I was recently extremely fortunate to attend ICLR 2018, albeit as something of an interloper. Accordingly, what follows is surely a rather atypical highlight reel. All pedantry and any inaccuracy is, of course, due to my own limited understanding of these elegant topics and the breadth of their application.

Causal reasoning and graphical models

There is a well-developed modern theory of causal inference and reasoning based on graphical models developed by Judea Pearl and others. Oft misunderstood and mostly ignored by most statisticians and practitioners, it featured prominently in both contributed papers and invited talks this year.

Bernhard Schölkopf, the inventor of Support Vector Machines and largely of kernel methods in machine learning, discussed advances in learning causal models, many of which he worked on, such as in the two-variable case via assumptions on the noise distributions, as well as applications of causal modelling to traditional predictive models, such as semi-supervised learning and covariate shift. I’ve since been reading his (open-access) book.

A talk by Suchi Saria focussed on large datasets in healthcare. She discussed a study involving predicting mortality given test data acquired from patients admitted to hospitals. In this setting, where the illness and subsequent treatment of the patient, as well as other variables regarding the patient and hospital, are occluded, even high-capacity predictive models based on associational data fall flat. At the same time, designing reasonable interventions in this scenario is not obviously even possible, so Saria and collaborators employed the Neyman-Rubin counterfactual framework, a more popular relative of Pearl’s, to predict outcomes in their absence.

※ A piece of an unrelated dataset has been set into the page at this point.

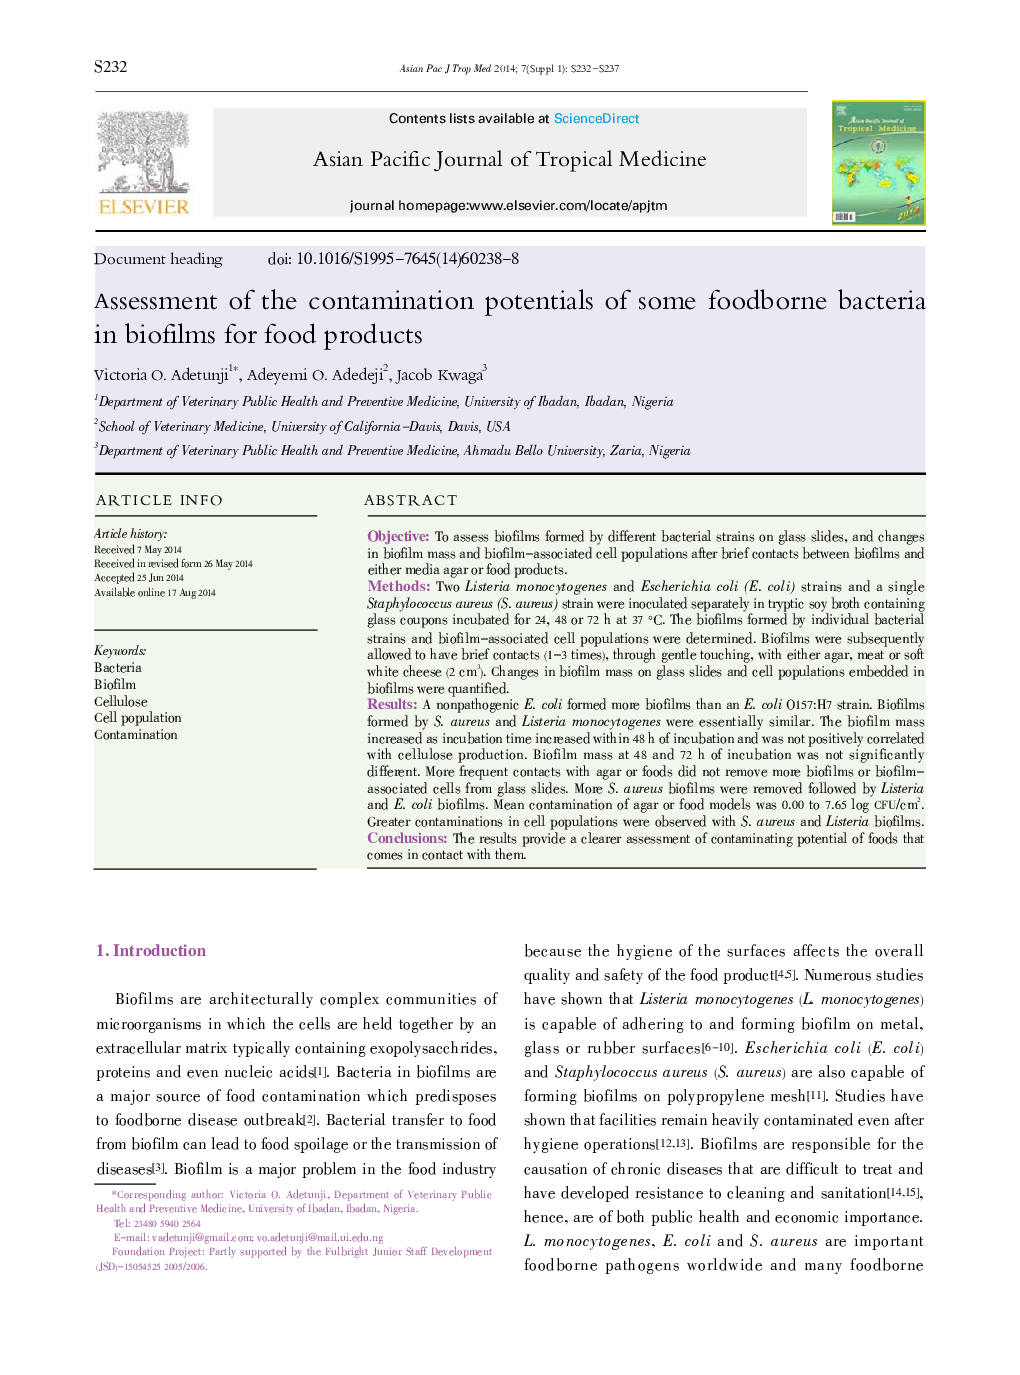 ارزیابی پتانسیل های آلودگی برخی از باکتری های غذایی در بیوفیلم ها برای محصولات غذایی 
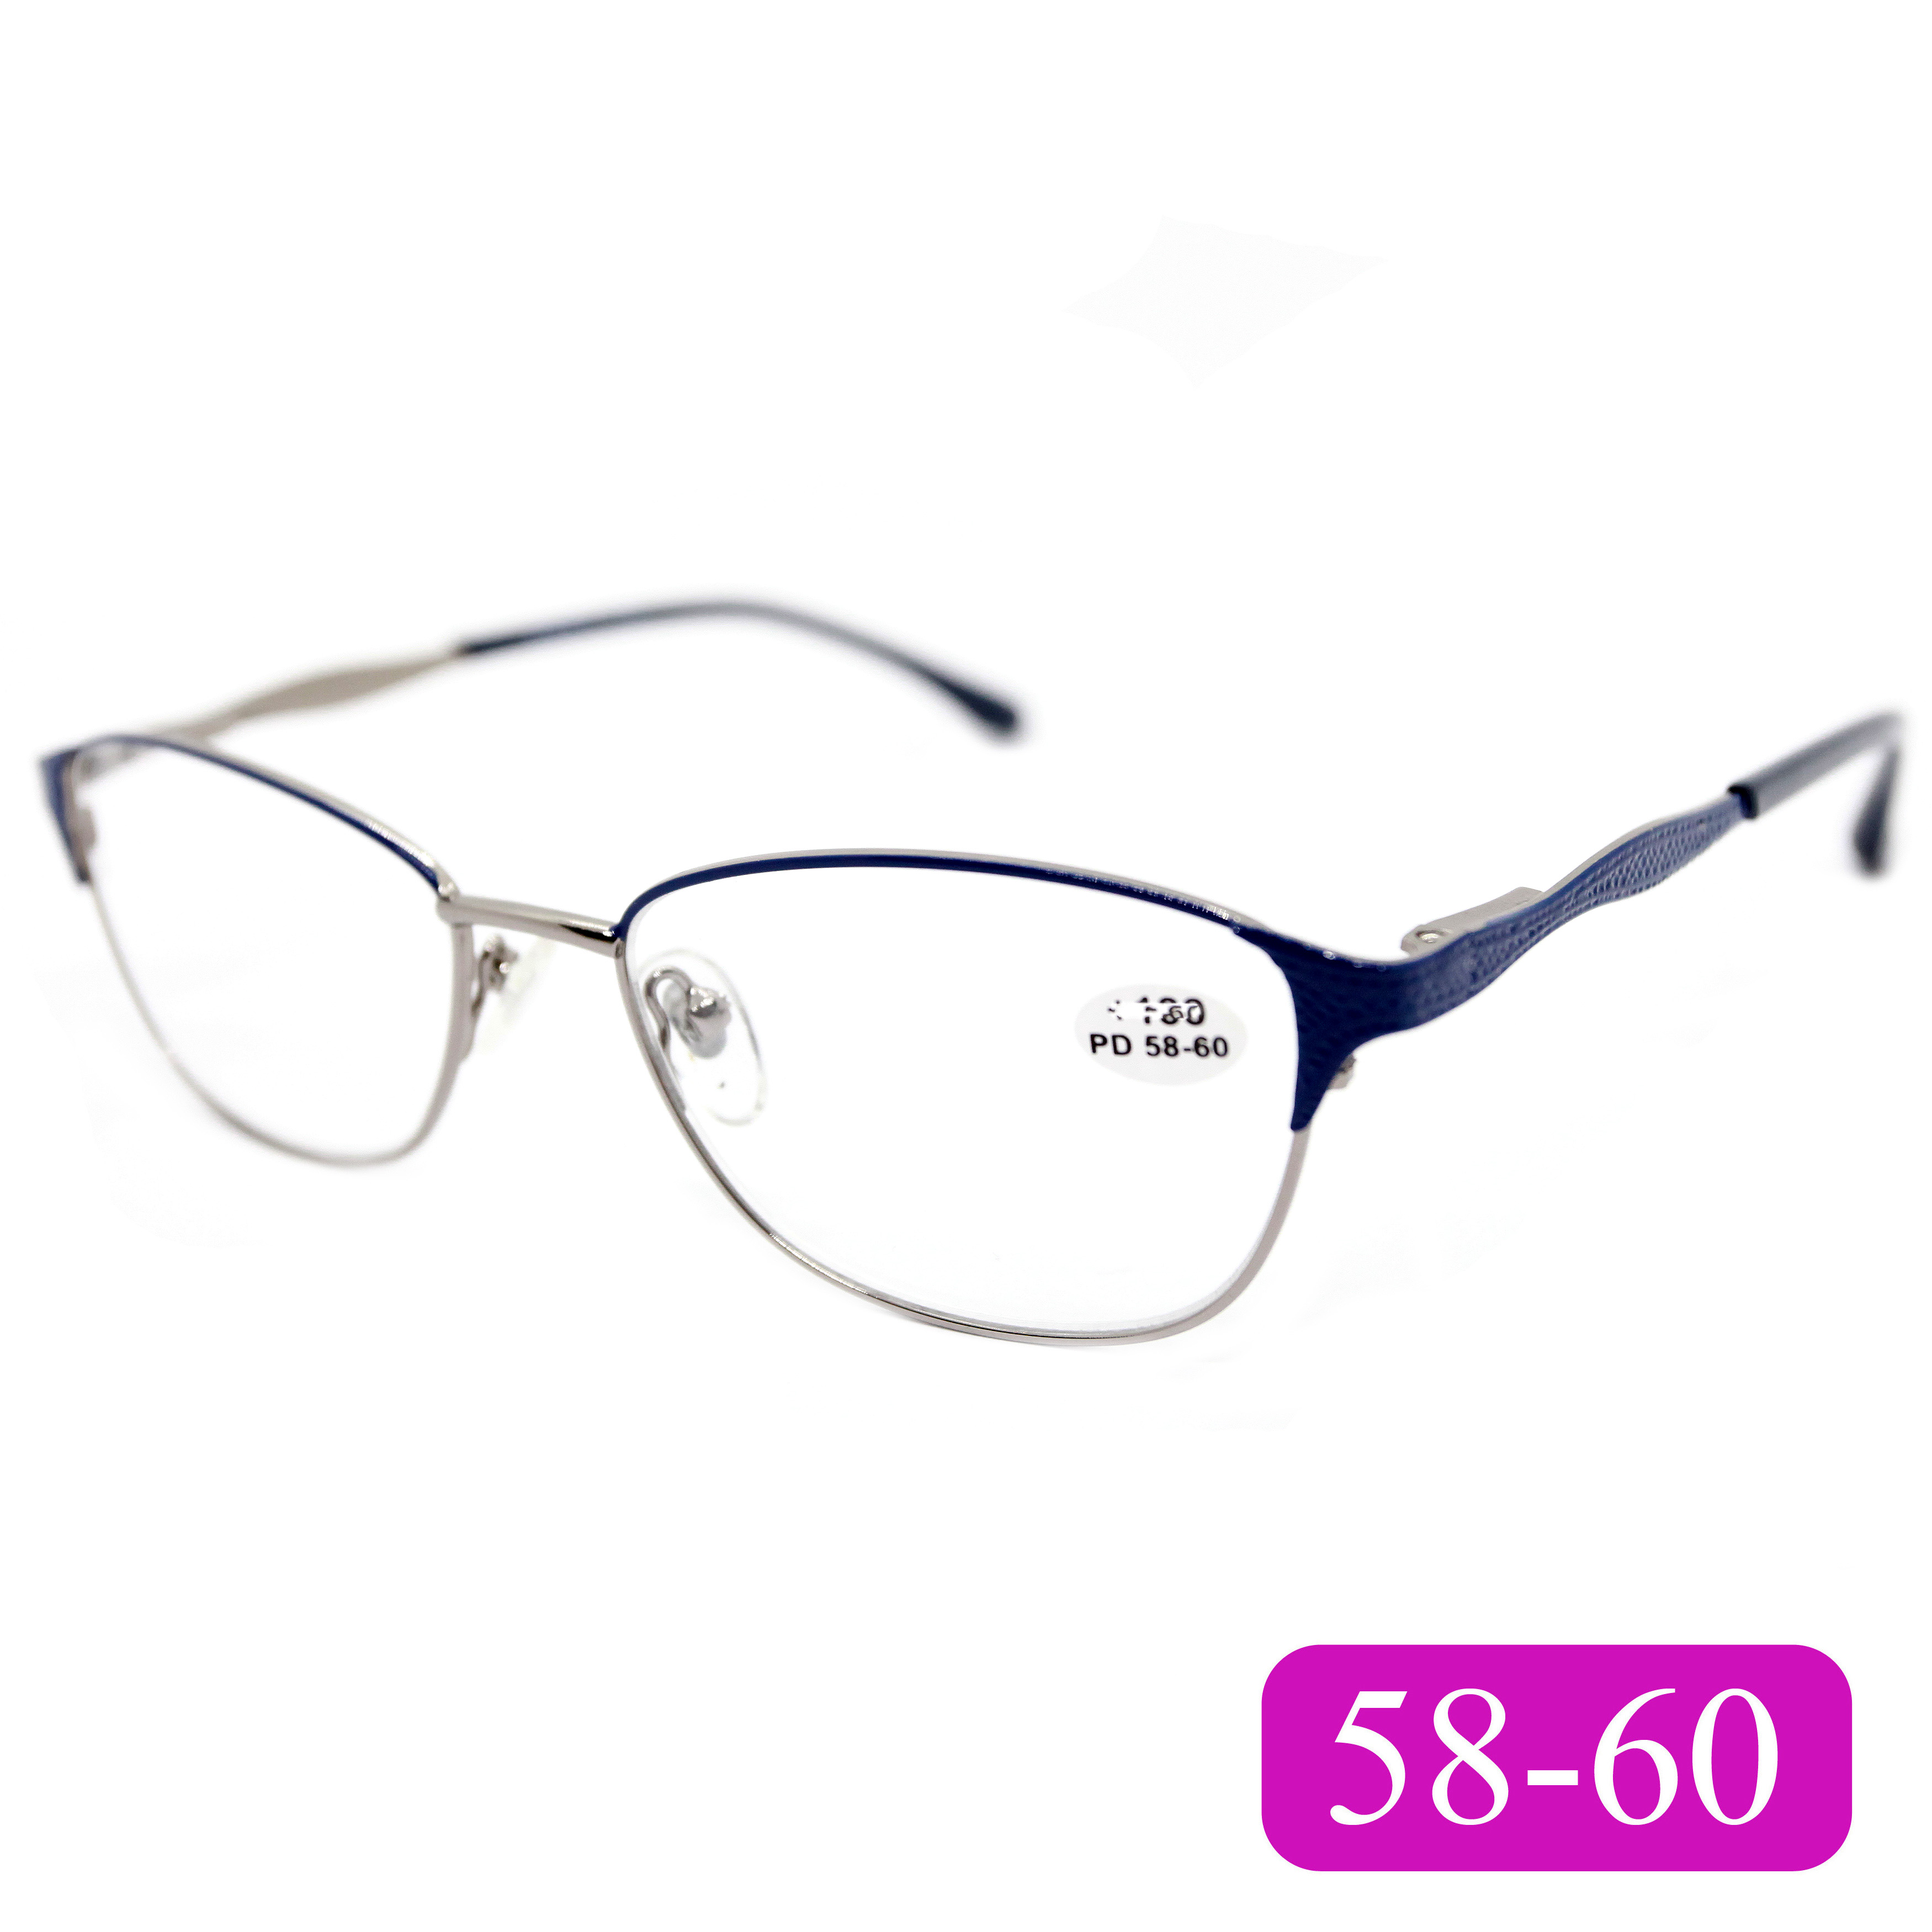 Корригирующие очки для чтения RALH 0715 +2,75, без футляра, цвет синий, РЦ 58-60

Daphne Koller - of probabilistic graphical modelling fame - held a ‘fireside chat’ with (also distinguished!) moderator Yoshua Bengio. In addition to discussing issues of discrimination and harrassment in the machine learning and tech business communities, she devoted much of her talk to a form of career advice: advocating that ML experts work on diverse socially important problems in addition to ‘mental gymnastics’ and ends-agnostic performance improvements. This may call to mind her education work as co-founder of Coursera, but more recently she’s been working in health care - mentioning a just-announced new startup during her talk - in areas like drug discovery, and urged more people to consider this area. Notably, she sees a need for researchers at the intersection of both disciplines rather than pure stats/ML experts expecting to blindly achieve state-of-the-art results on biology datasets or pure biologists with limited understanding of the strengths and limitations of ML. Like Saria, she considers pure DNNs merely one technique out of many and sees this area as needing diverse approaches such as (unsurprisingly…) PGM/causal techniques.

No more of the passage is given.